Objective:
This study aims to compare adolescent and caregiver reports of adolescent ACEs and their relationship with current adolescent depression and to analyze the relationship between ACEs and depression.
Methods:
The authors recruited 46 adolescent-caregiver dyads from a large inner city medical center's adolescent medicine clinic. Adolescents and caregivers completed the Center for Youth Wellness ACE questionnaire, encompassing traditional ACEs (e.g., abuse, neglect, household dysfunction) and non-traditional ACEs (e.g., foster care, parental death, exposure to community violence). Adolescents also completed the PHQ-9A depression screening tool.
Results:
Among adolescents, 14 (30%) reported no traditional ACEs, 11 (24%) reported one, and 21 (46%) reported more than one.

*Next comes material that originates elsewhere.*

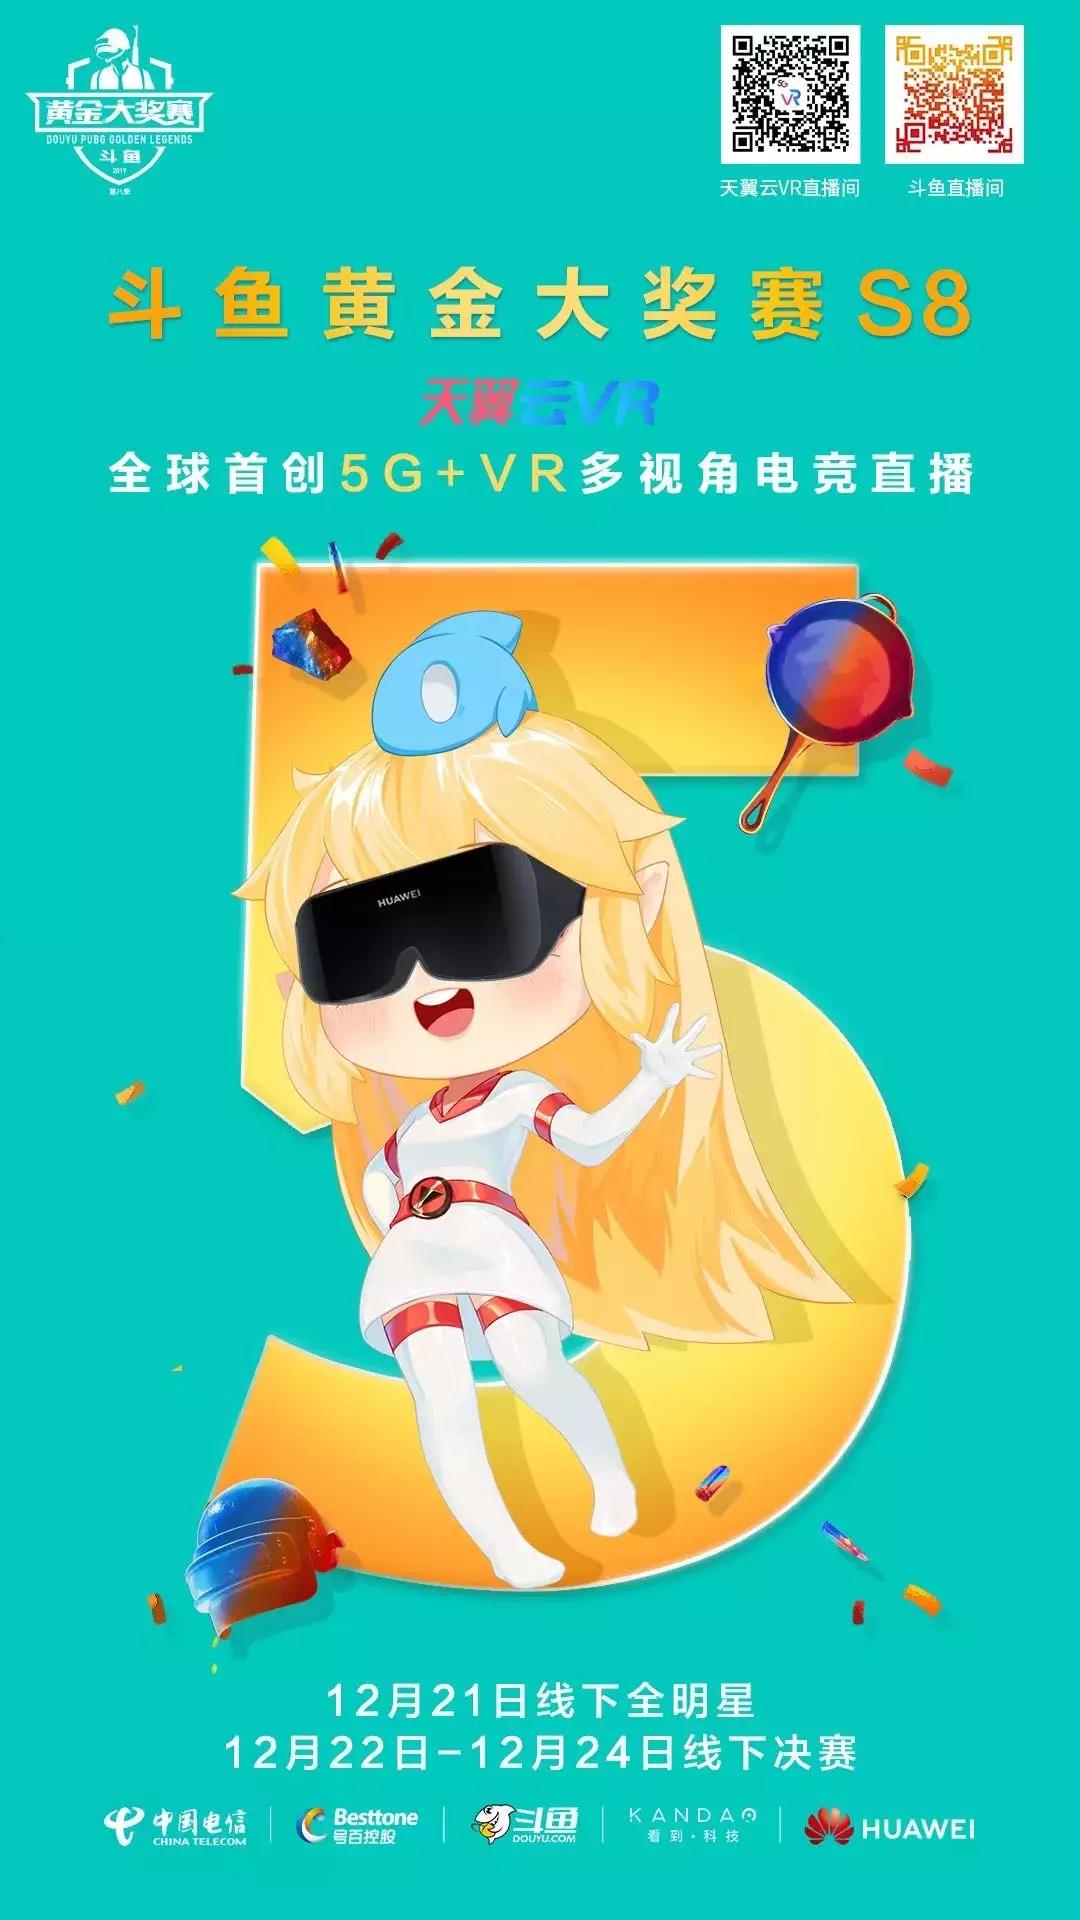 5G 手机 VR 广告：数字化时代的融合与创新体验  第4张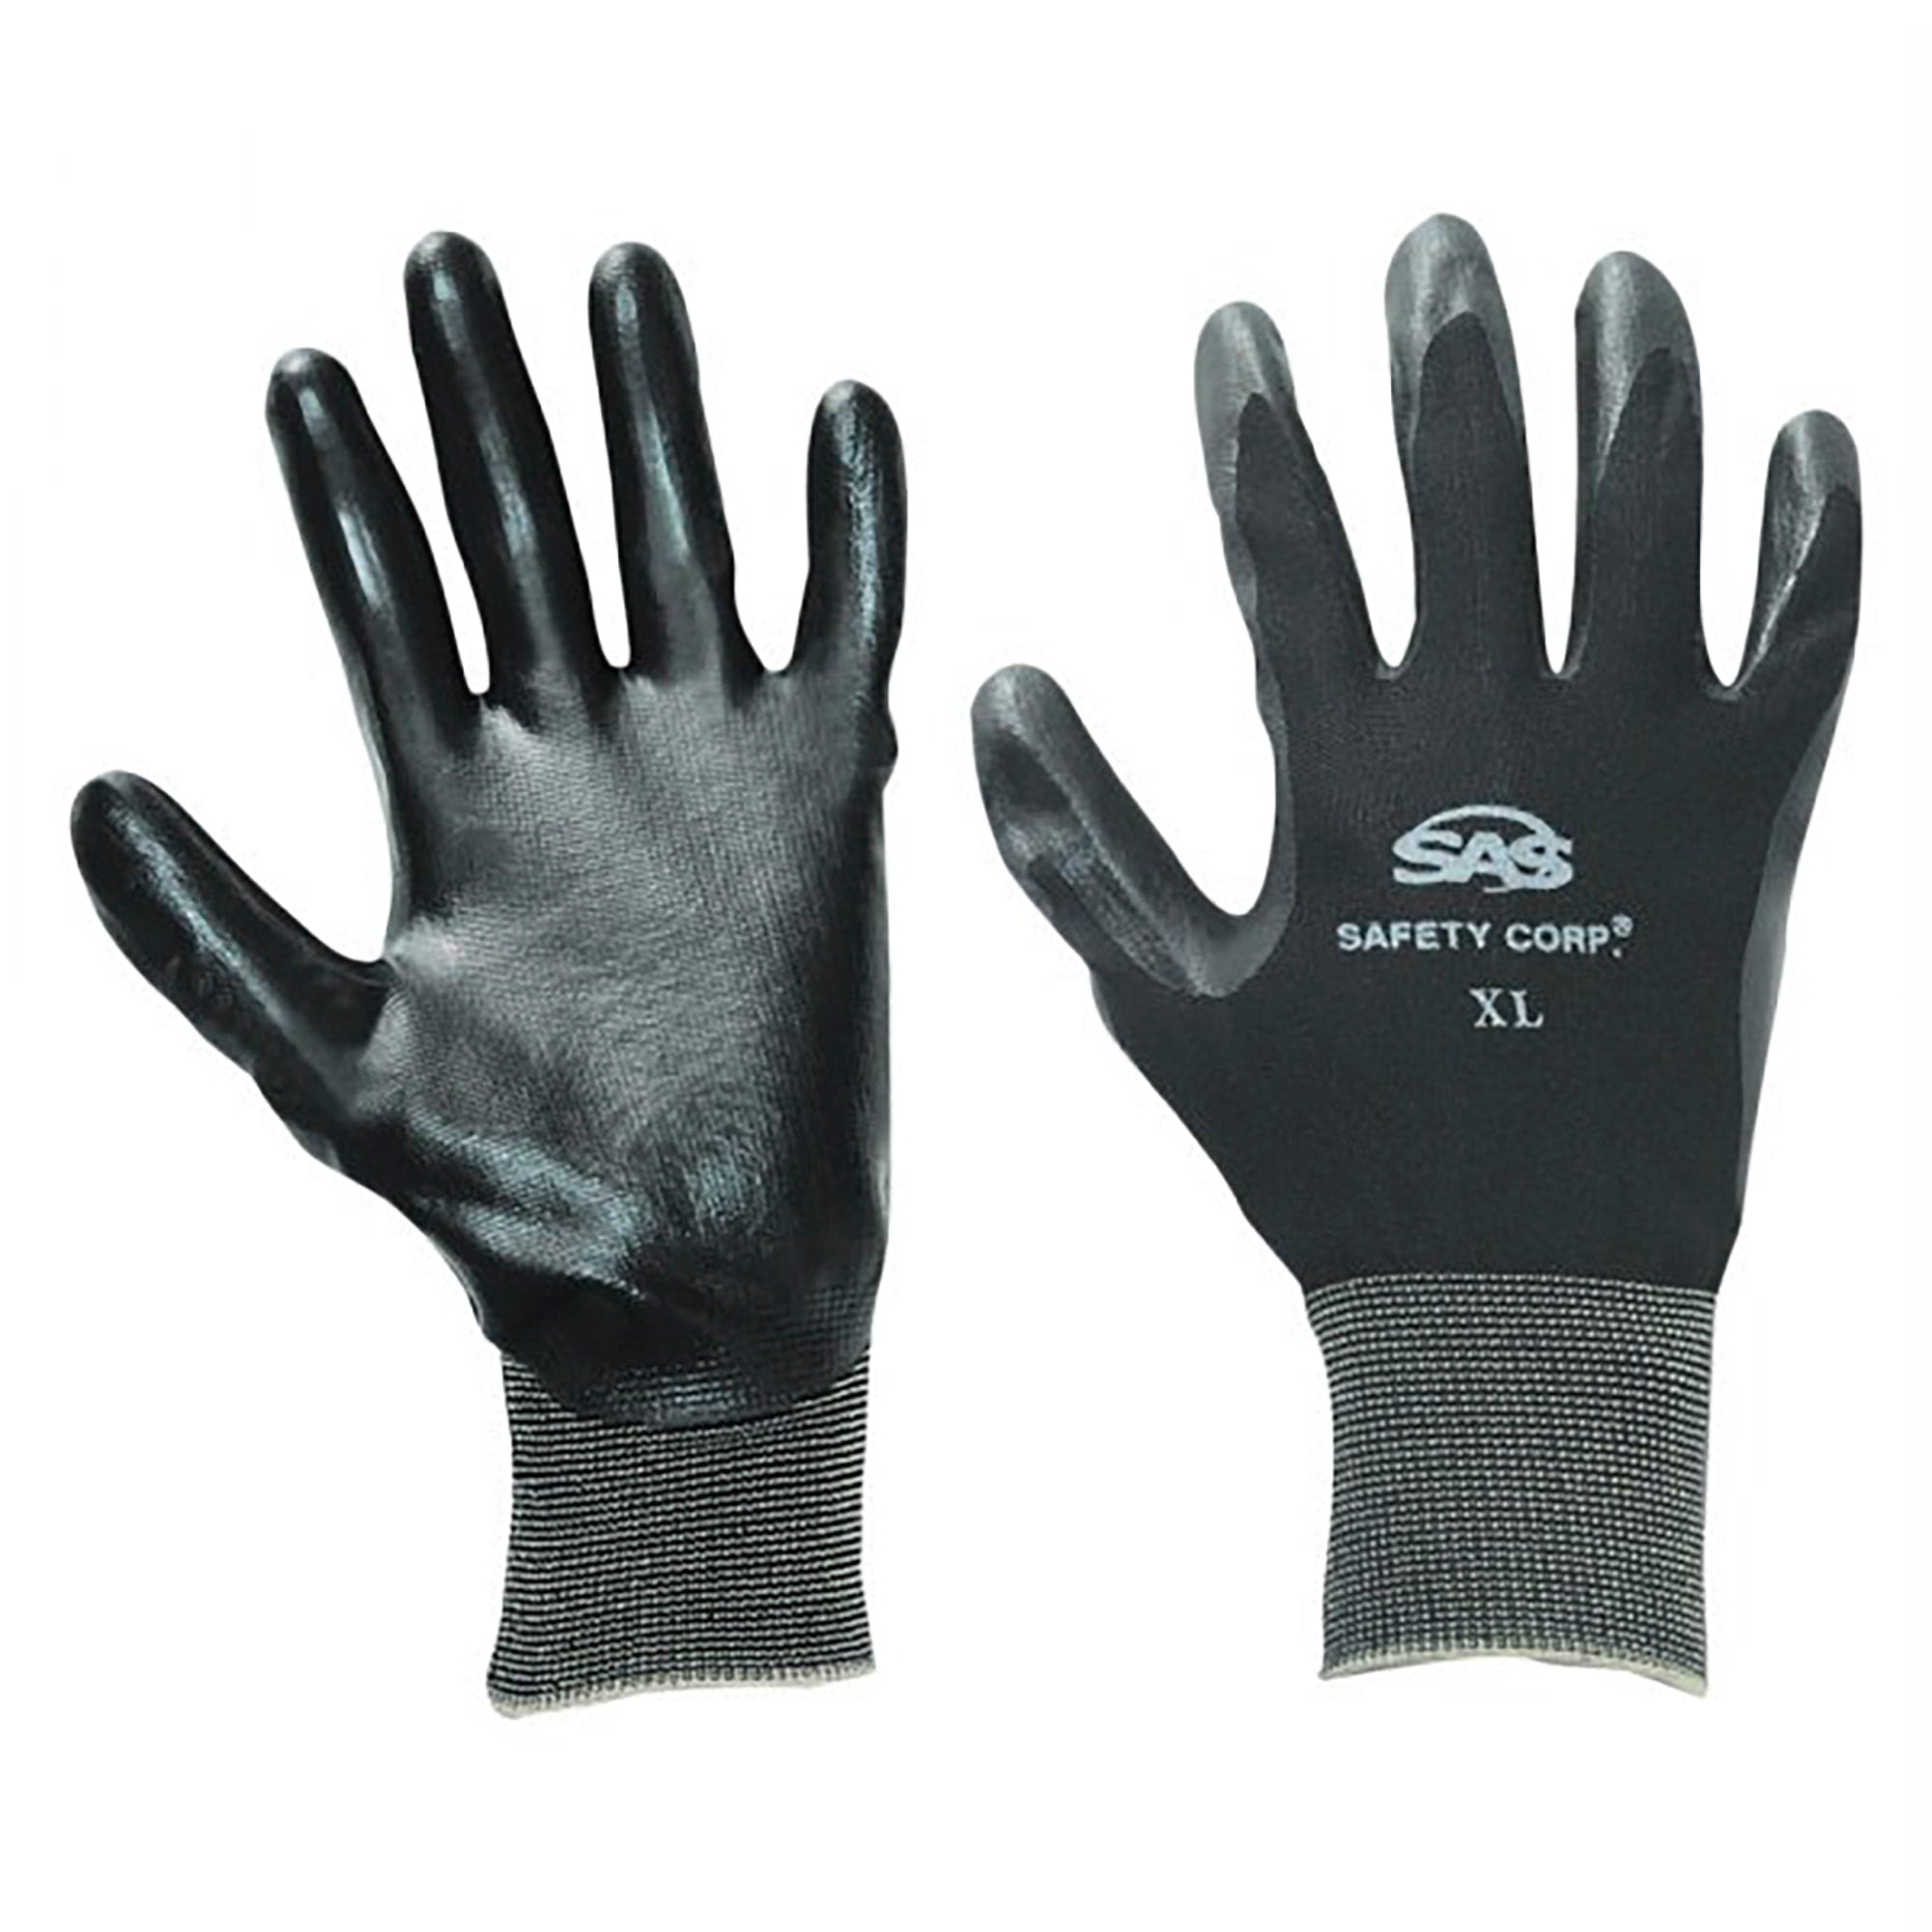 PawZ Black Nylon Knit Shell Gloves - Nitrile Palm Coating - X Large SAS Safety 640-1910

Regarding non-traditional ACEs, 16 (35%) reported none, 11(24%) reported one, and 19 (41%) reported more than one. Caregiver reports consistently indicated lower ACEs compared to adolescent self-reports (p < .005). For the PHQ-9A scores, 26 (57%) of adolescents showed no or minimal depression, 14 (30%) mild, and six (13%) moderate depression. A moderate positive correlation emerged between PHQ-9A scores and self-reported traditional ACEs (rs=0.5, p<.001) and non-traditional ACEs (rs=0.49, p<.001). Additionally, a positive correlation was observed between the absolute differences in adolescent and caregiver reports of traditional ACEs and PHQ-9A scores (n=46, ρ=0.51, p<0.001).
Conclusion:
As the differences in ACE reports between adolescents and caregivers increased, there was a corresponding increase in adolescent depression scores. It is essential to incorporate comprehensive ACE screening and encourage open communication between adolescents and caregivers which may improve mental health outcomes.